Books In The Mirror
City of Light
Lauren Belfer
Dial Press
It is 1901 in Buffalo, New York, a city of wealth and
sophistication. The electric power development at nearby Niagara Falls
and the Pan American Exposition promise to bring the Great Lake City
of Light even more recognition. Louisa Barret is the attractive
headmistress of the Macauley School for Girls. She is treated as an
equal by the all-male board who control the life of the city. She
feels secure in her position until a mysterious death at the power
plant causes a series of events that forces her to return to a past
she has struggled to conceal. A love story and thriller set in a city
just before the turn of the century, Belfers novel captures a past
age poised at the beginning of a new century which reverberates in our
times. Highly recommended.
Miriam Call
Meeting Luciano: A Novel
Anne Esaki-Smith
Algonquin Books of Chapel Hill
To Hanako Shimado, recently divorced, Luciano
Pavarotti is a god. Emily, her daughter, feels this fixation will
pass. Hanako meets him and invites him to dinner in their Westchester
home. When she hires Alex, a handsome Greek, to renovate the kitchen,
Emily begins to worry. Alex becomes very close to Hanako and tells her
daughter that the renovation is in preparation for a visit from
Pavarotti. Emily wonders if her mother might be losing it. Anna Esaki-Smith
has a very understanding appreciation for this problem and writes a
very compelling story.
Miriam Call
The Pollen Room
Zoe Jenny
Simon and Schuster
Rich in images that lingered long after I laid the
book down, Jennys debut novel is a powerful story of broken
families and adolescence.
It follows the path of a girl from the age of three to
her early twenties. Her mother leaves when she is three and as she
struggles toward her self-identity, the reader struggles with her.

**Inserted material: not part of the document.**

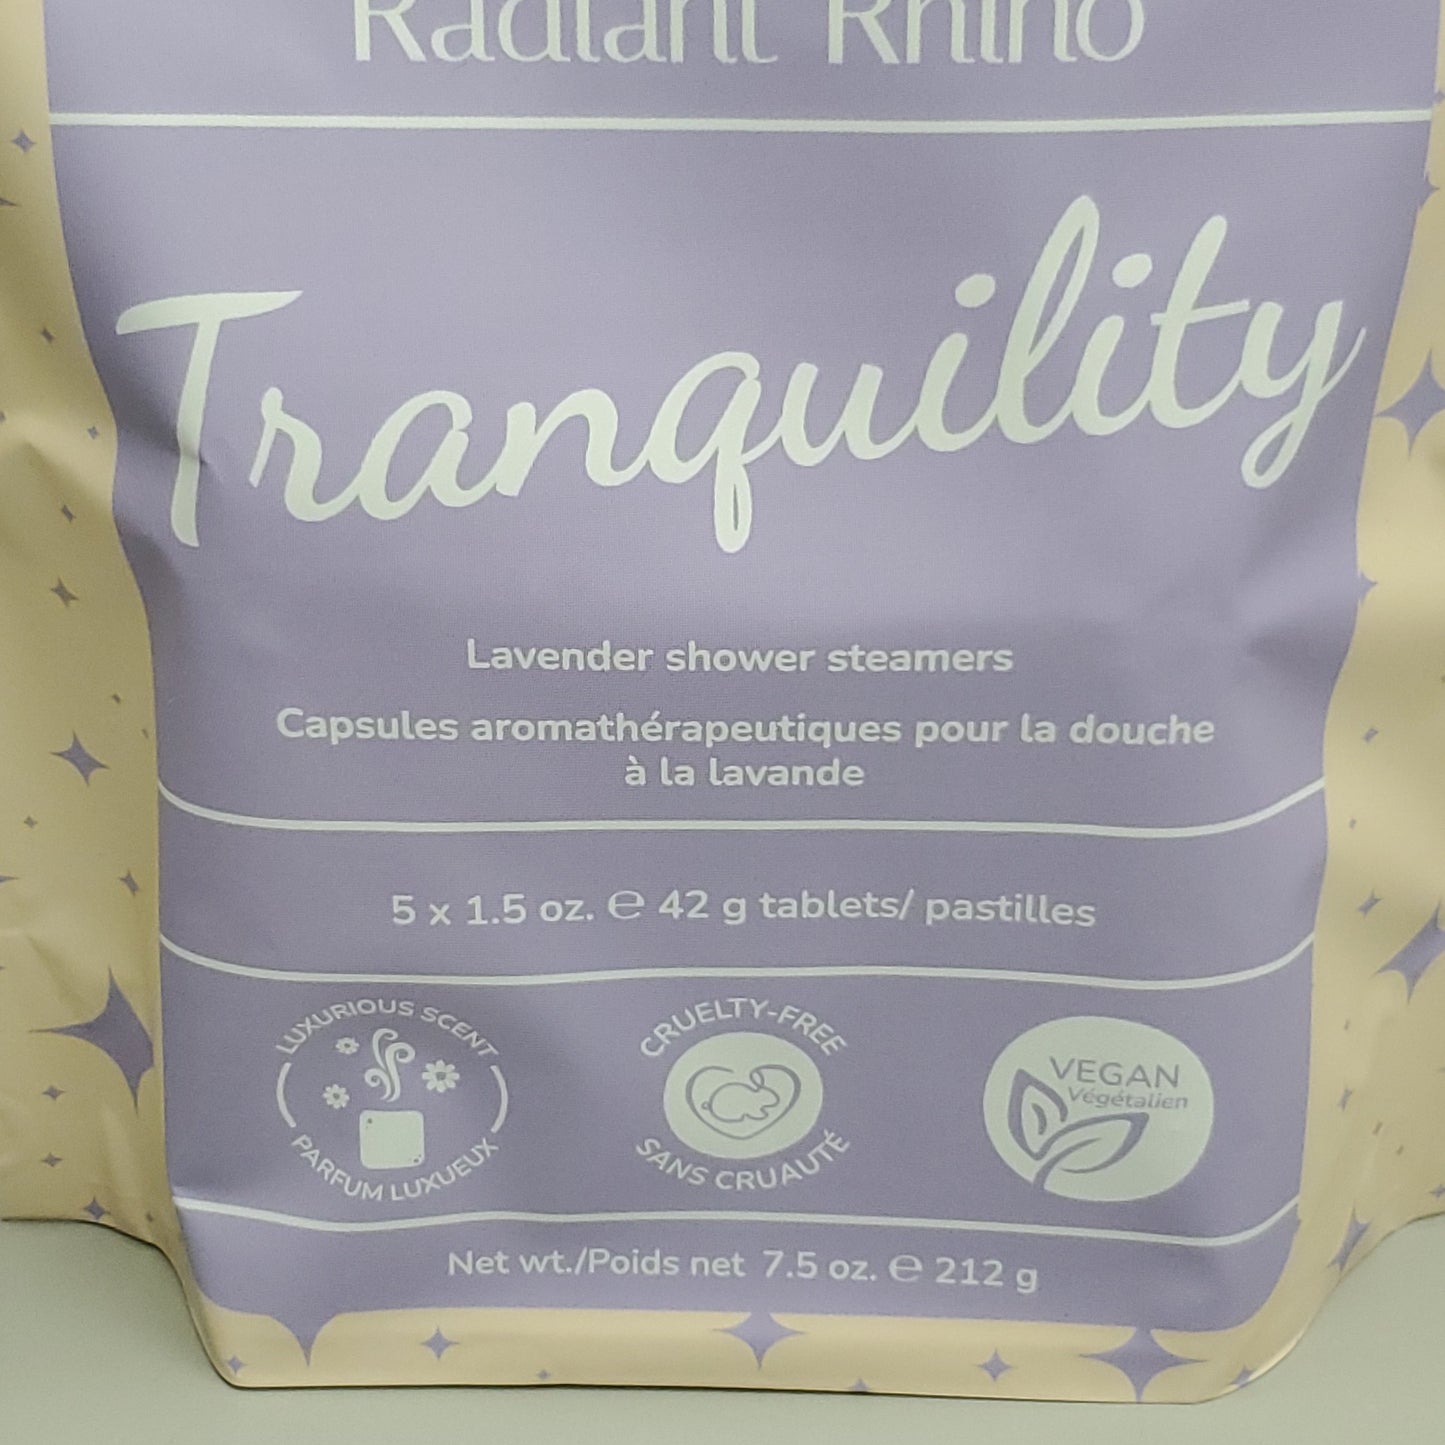 THE RADIANT RHINO Tranquility Lavender Shower Steamers 6-PK! 5x1.5oz Tablets 7.5oz (New)

Powerul and moving, this German work is a wonderful novel.
Susan Jonaitis
Selected Poems
Jorge Luis Borges
Penguin
This is a phenomenal volume of poetry from one of the
true masters of the pen. This compilation of fourteen books of poetry
written by Borges is bilingual and includes translations by multiple
translators, including W.S. Merwin, John Updike and Robert Fitzgerald.
The New York Times and, more importantly, Doug Dutton heralded the
release of his complete fiction. This book continues the celebration.